Undefined symbol for operator in namespace

982694 Newbie
Currently Being Moderated
If I compile the below into an object file and output it symbol table the operator+ is undefined.
namespace U
{
   struct X
   {
      void foo();
   };

   X& operator+( U::X& );

   struct Y
   {
     void bar();
   };
}

using namespace U;

X& operator+( X& x )
{
   return x;
}

void X::foo()
{
}

void Y::bar()
{
   X x;

   x.foo();

   operator+(x);

   return;
}
% nm -CA z.o


z.o:

z.o: [Index]   Value      Size    Type  Bind  Other Shndx   Name

z.o: [2]        |         0|       0|SECT |LOCL |0    |9      |
z.o: [3]        |         0|       0|SECT |LOCL |0    |8      |
z.o: [4]        |         0|       0|OBJT |LOCL |0    |6      |Bbss.bss
z.o: [5]        |         0|       0|OBJT |LOCL |0    |3      |Ddata.data
z.o: [6]        |         0|       0|OBJT |LOCL |0    |5      |Dpicdata.picdata
z.o: [7]        |         0|       0|OBJT |LOCL |0    |4      |Drodata.rodata
z.o: [8]        |         0|       0|FUNC |GLOB |0    |UNDEF  |U::X&U::operator+(U::X&)
                                                       [__1cBU2s6Frn0ABX__2_]
z.o: [11]       |        16|      36|FUNC |GLOB |0    |2      |U::X&operator+(U::X&)
                                                       [__1c2s6FrnBUBX__2_]
z.o: [10]       |        72|      24|FUNC |GLOB |0    |2      |void U::X::foo()
                                                       [__1cBUBXDfoo6M_v_]
z.o: [9]        |       112|      40|FUNC |GLOB |0    |2      |void U::Y::bar()
                                                       [__1cBUBYDbar6M_v_]
z.o: [1]        |         0|       0|FILE |LOCL |0    |ABS    |z.cc
However, if I prefix the operator with the namespace (even though the using namespace is already stated), then it looks ok. Is this a bug?
X& U::operator+( X& x )
{
   return x;
}
% nm -CA z.o


z.o:

z.o: [Index]   Value      Size    Type  Bind  Other Shndx   Name

z.o: [2]        |         0|       0|SECT |LOCL |0    |9      |
z.o: [3]        |         0|       0|SECT |LOCL |0    |8      |
z.o: [4]        |         0|       0|OBJT |LOCL |0    |6      |Bbss.bss
z.o: [5]        |         0|       0|OBJT |LOCL |0    |3      |Ddata.data
z.o: [6]        |         0|       0|OBJT |LOCL |0    |5      |Dpicdata.picdata
z.o: [7]        |         0|       0|OBJT |LOCL |0    |4      |Drodata.rodata
z.o: [10]       |        16|      36|FUNC |GLOB |0    |2      |U::X&U::operator+(U::X&)
                                                       [__1cBU2s6Frn0ABX__2_]
z.o: [9]        |        72|      24|FUNC |GLOB |0    |2      |void U::X::foo()
                                                       [__1cBUBXDfoo6M_v_]
z.o: [8]        |       112|      40|FUNC |GLOB |0    |2      |void U::Y::bar()
                                                       [__1cBUBYDbar6M_v_]
z.o: [1]        |         0|       0|FILE |LOCL |0    |ABS    |z.cc
  • 1. Re: Undefined symbol for operator in namespace
    Steve_Clamage Pro
    Currently Being Moderated
    The difference in behavior is not a compiler bug. Consider this code:
    namespace U {
        void foo();
    }
    void foo() { } // <---
    It declares function U::foo and defines function ::foo. These are different functions.

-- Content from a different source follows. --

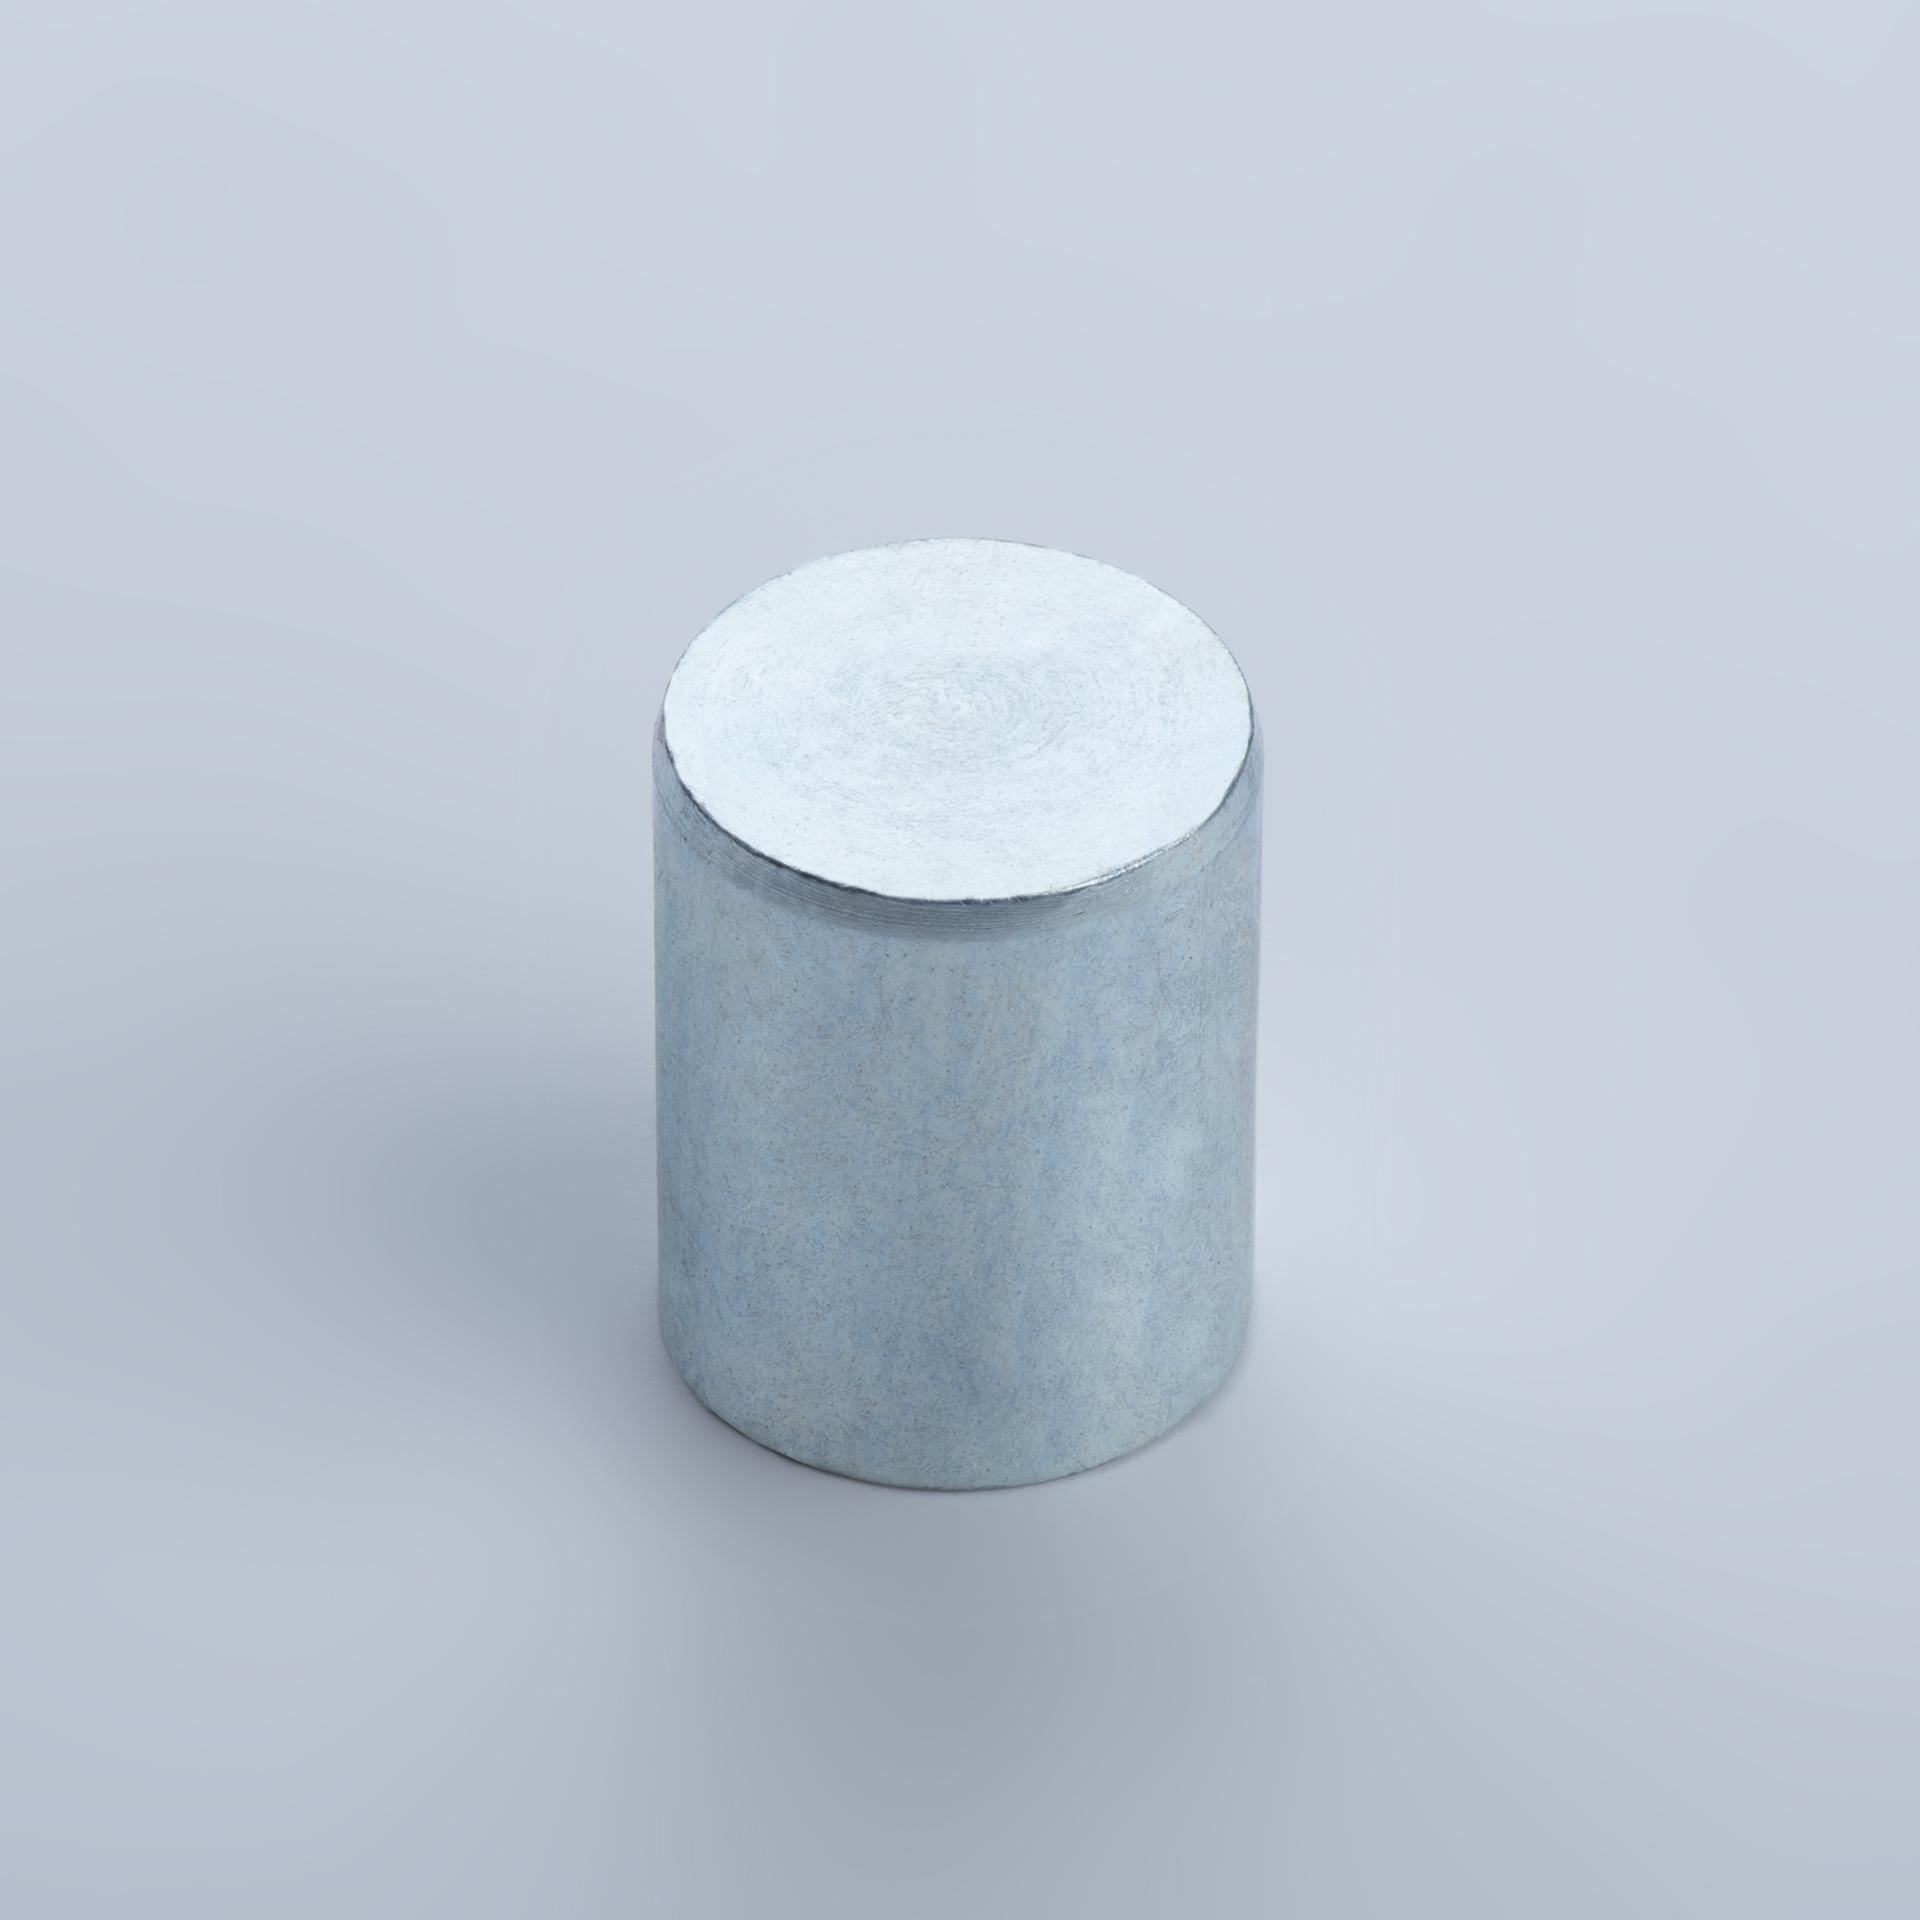 Stabgreifer aus Neodym, Stahlgehäuse mit Passungstoleranz h6, verzinkt, thyssenkrupp Magnettechnik

    If you change the marked line to
    void U::foo() { }
    or if you put that line in namespace U,
    namespace U {
        void foo() { }
    }
    the definition now applies to the declared function.

    The way code in namespaces interacts with other code, and the effects on function overloading in particular, can be somewhat confusing. This might be a good time to review namespaces in a C++ textbook that covers advanced topics.
  • 2. Re: Undefined symbol for operator in namespace
    982694 Newbie
    Currently Being Moderated
    Are functions in namespaces treated differently to operators?

    In my example, the definition of X::foo() does not need to be prefixed with U:: since we are stating the
    using namspace U;
    
    void X::foo()
    {
    }
    However, the definition of
    X& operator+( X&)
    does need to be prefixed with U:: in order to make it refer to the same one as in the declaration ... (even with the using namespace U;)
    using namspace U;
    
    X& U::operator+( X&)
    Edited by: 979691 on Jan 5, 2013 2:41 PM

    Edited by: 979691 on Jan 5, 2013 2:43 PM

    Edited by: 979691 on Jan 5, 2013 2:46 PM
  • 3. Re: Undefined symbol for operator in namespace
    Steve_Clamage Pro
    Currently Being Moderated
    Operator functions are functions and follow the same rules as any non-operator function. The only thing special is that you can use operator notation to call them as well as using function notation.

    Let's take a simpler example that does not use operators. Fasten your seat belt; the ride is a little rough.
    namespace U {
       struct X
       {
          void foo();
       };
       void zz();
    }
    
    using namespace U;
    
    void X::foo() { } // matches U::X::foo
    
    void zz() { } // does not match U::zz
    For the definition of X::foo, the using-declaration for namespace U allows U to be searched. In looking up the qualified name X::foo in its definition, first the name X must be found as the name of a namespace, type, or template. It is found as a type name, and X has a matching declaration for foo. The definition at global scope therefore matches U::X::foo.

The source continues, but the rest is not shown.